Repeat the lines from the one containing "do Funchal, S." through the end of the listing exactly, both ends included. Do not carry over any pictures.

- [Data section]:

• • • •

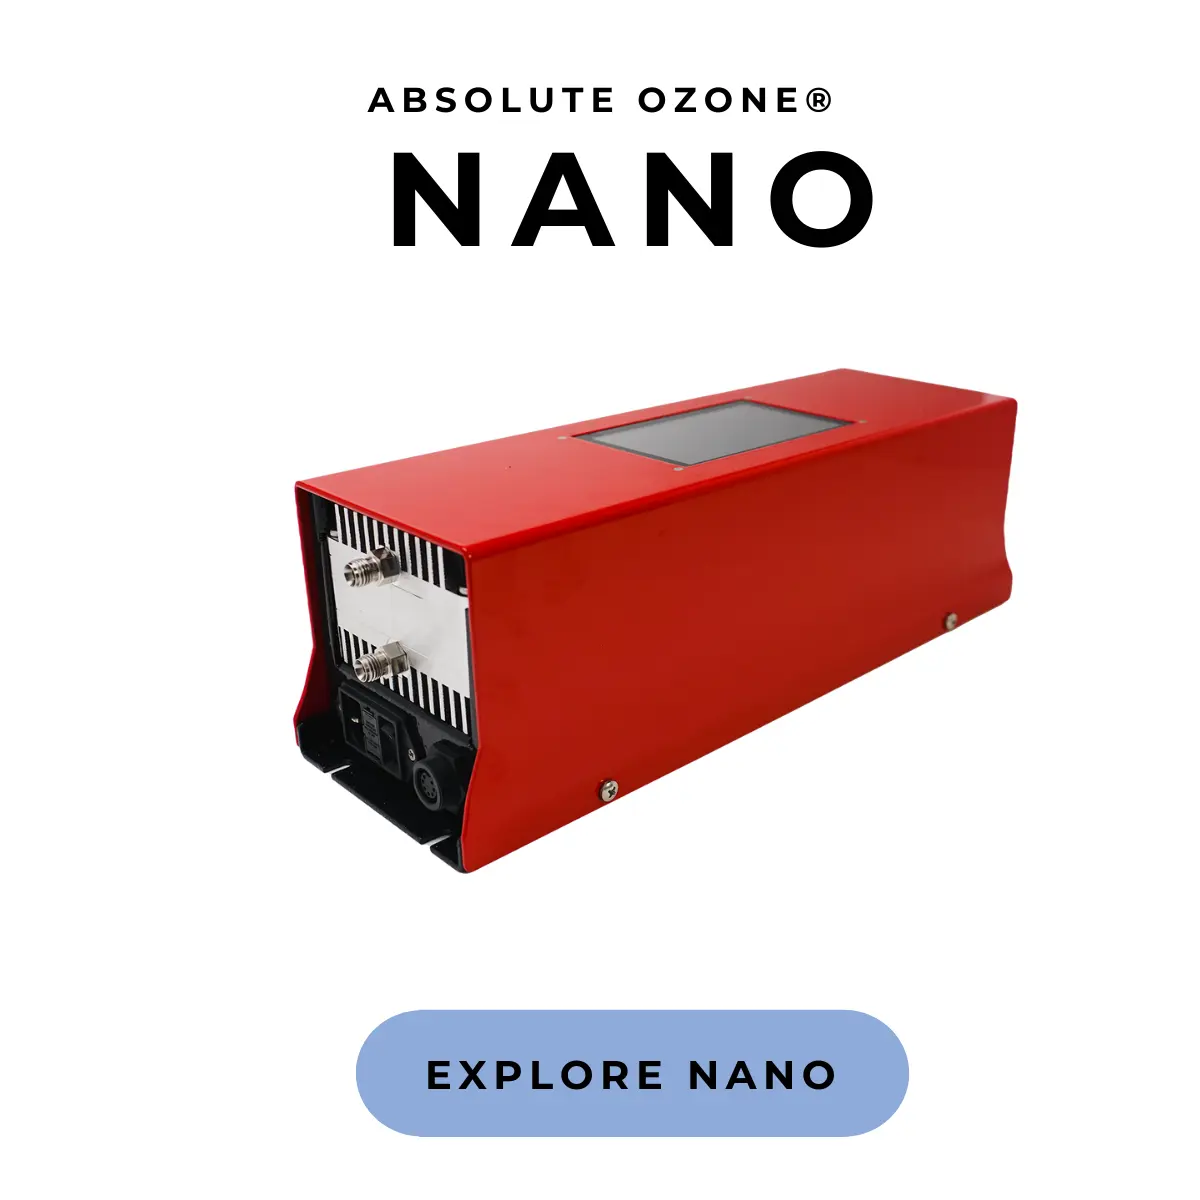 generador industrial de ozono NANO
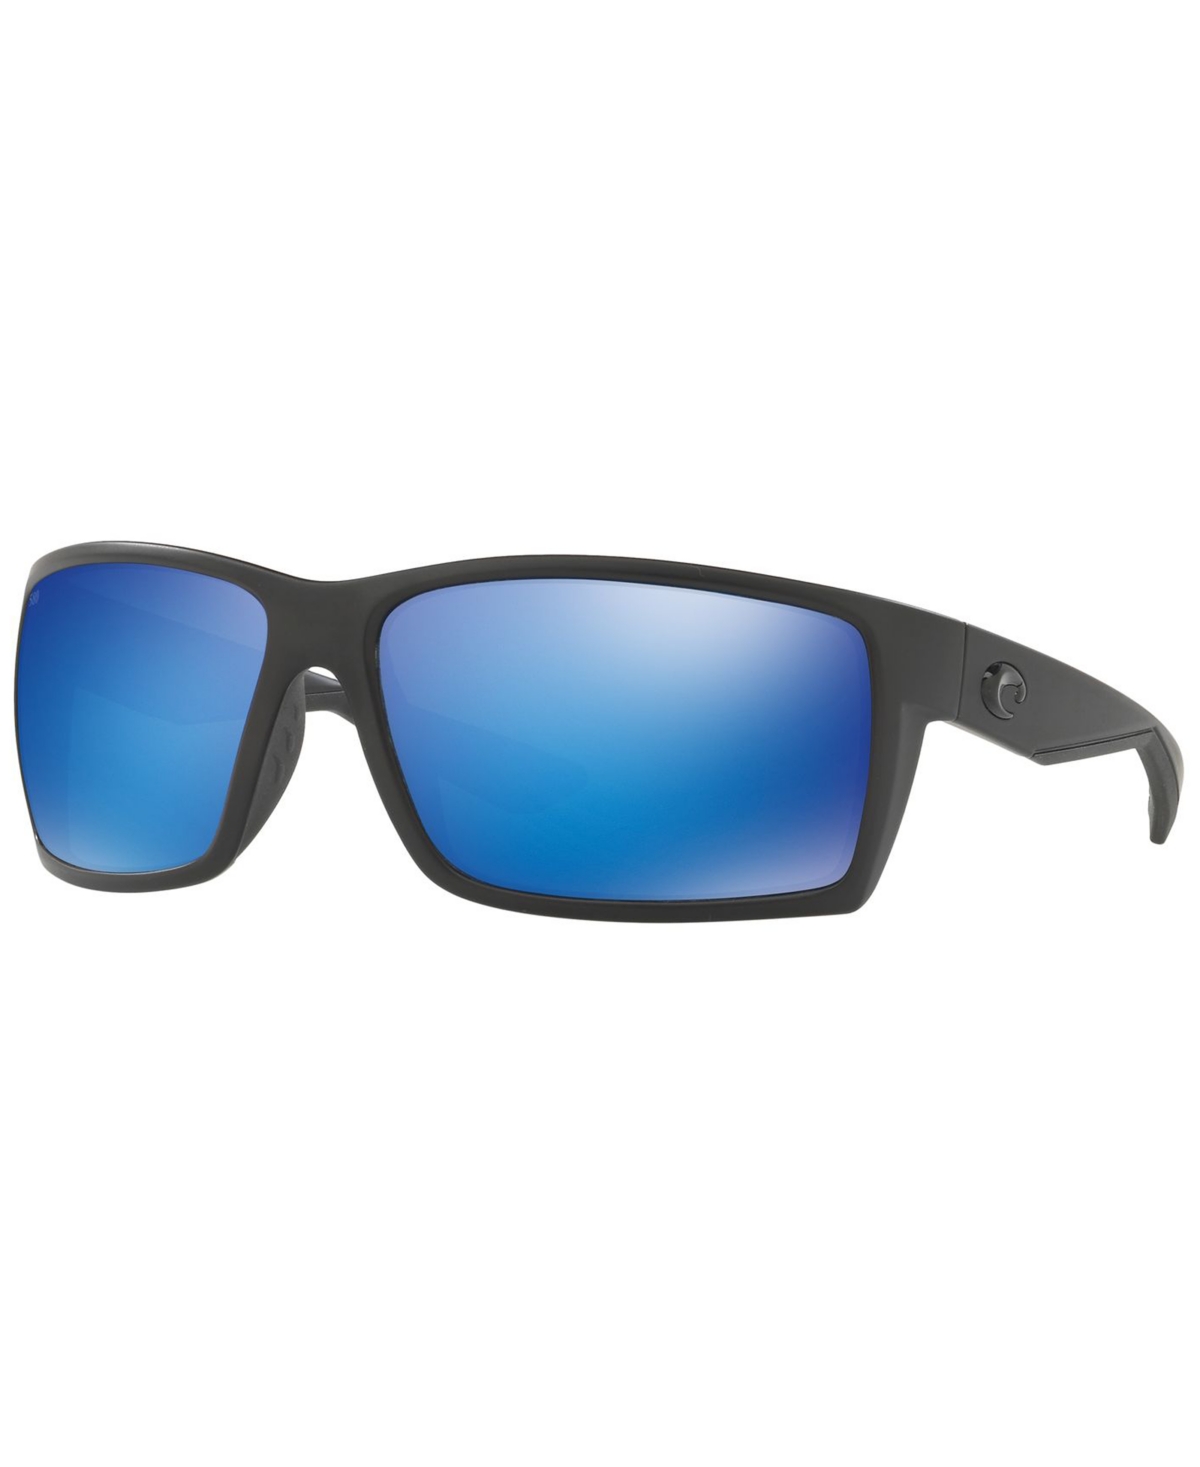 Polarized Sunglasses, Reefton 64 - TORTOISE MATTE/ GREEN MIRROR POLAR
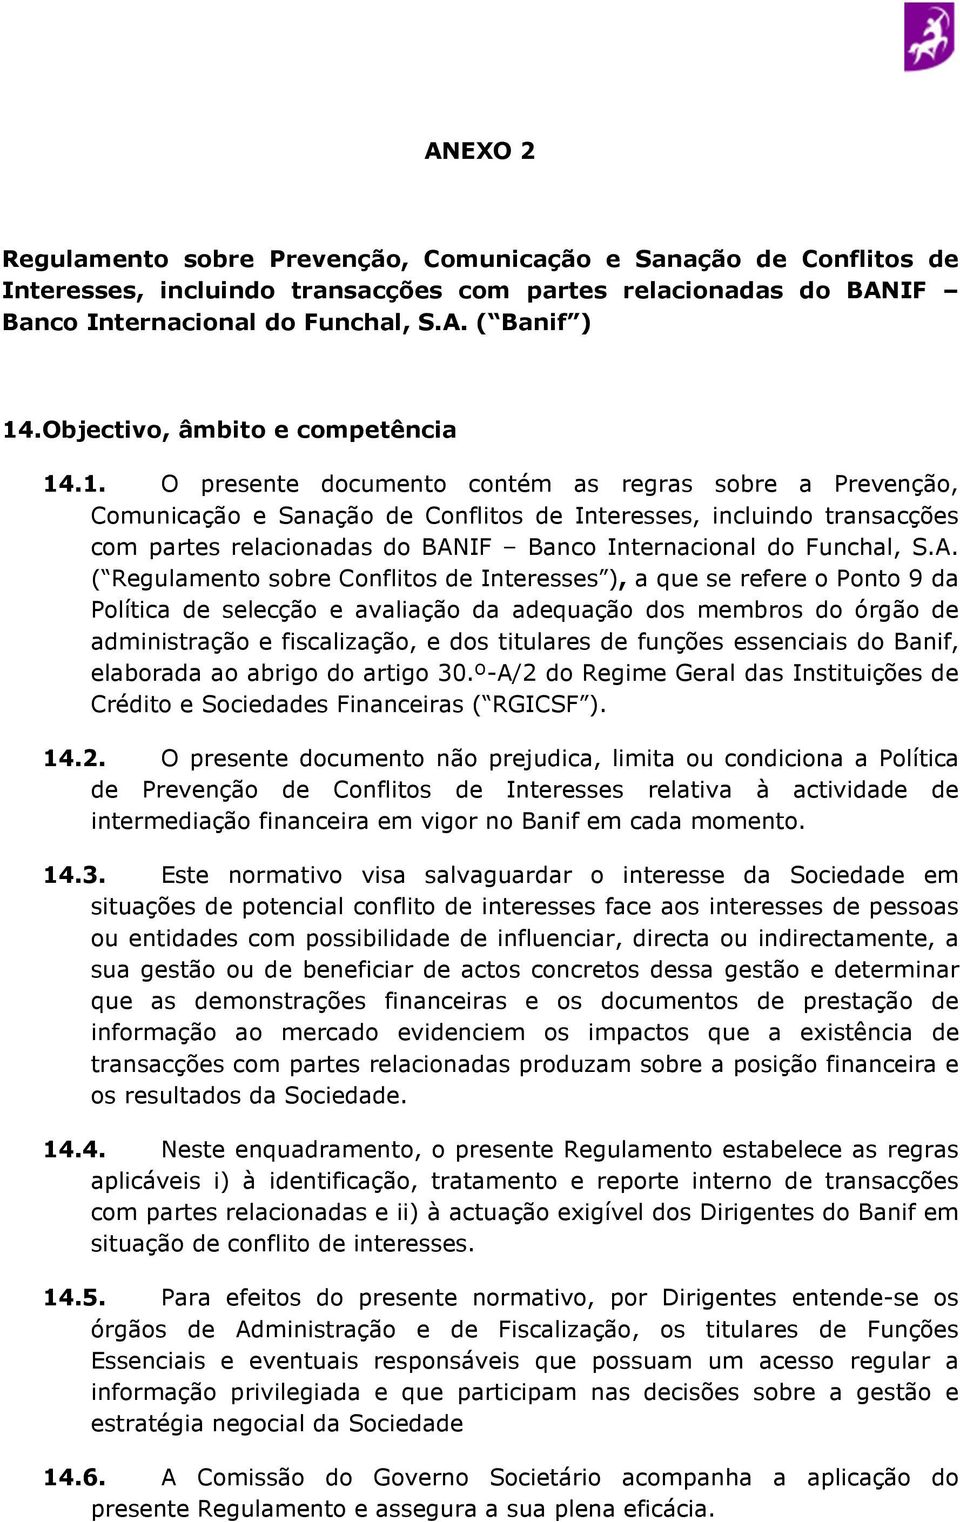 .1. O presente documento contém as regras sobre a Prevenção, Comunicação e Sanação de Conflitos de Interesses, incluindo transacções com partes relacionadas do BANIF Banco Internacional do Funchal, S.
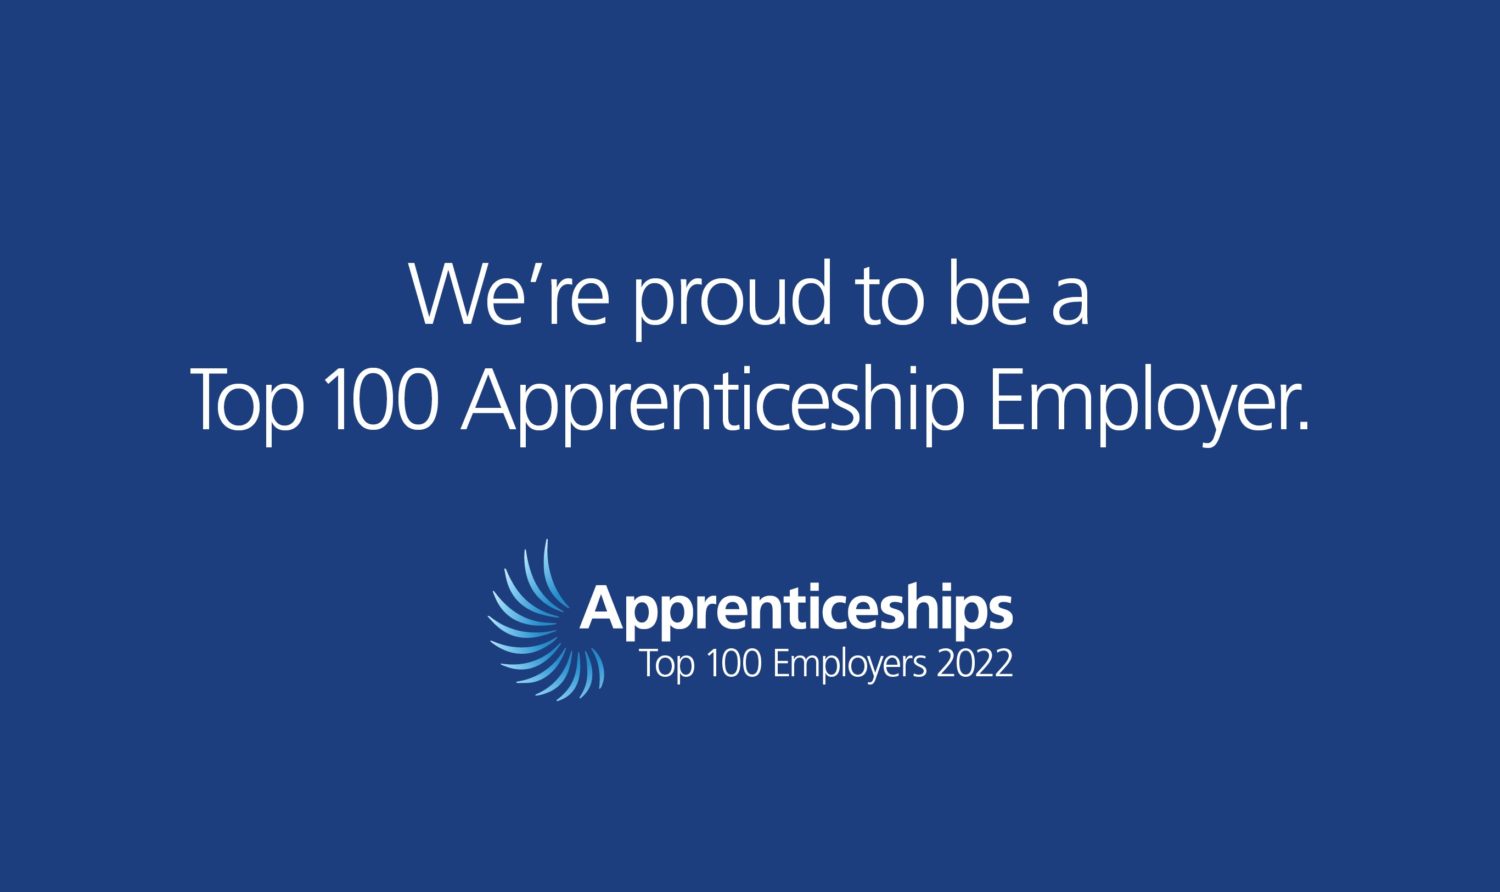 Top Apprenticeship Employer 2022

• • • •

- [Exercise response]:
 .1. O presente documento contém as regras sobre a Prevenção, Comunicação e Sanação de Conflitos de Interesses, incluindo transacções com partes relacionadas do BANIF Banco Internacional do Funchal, S.
 Top Apprenticeship Employer 2022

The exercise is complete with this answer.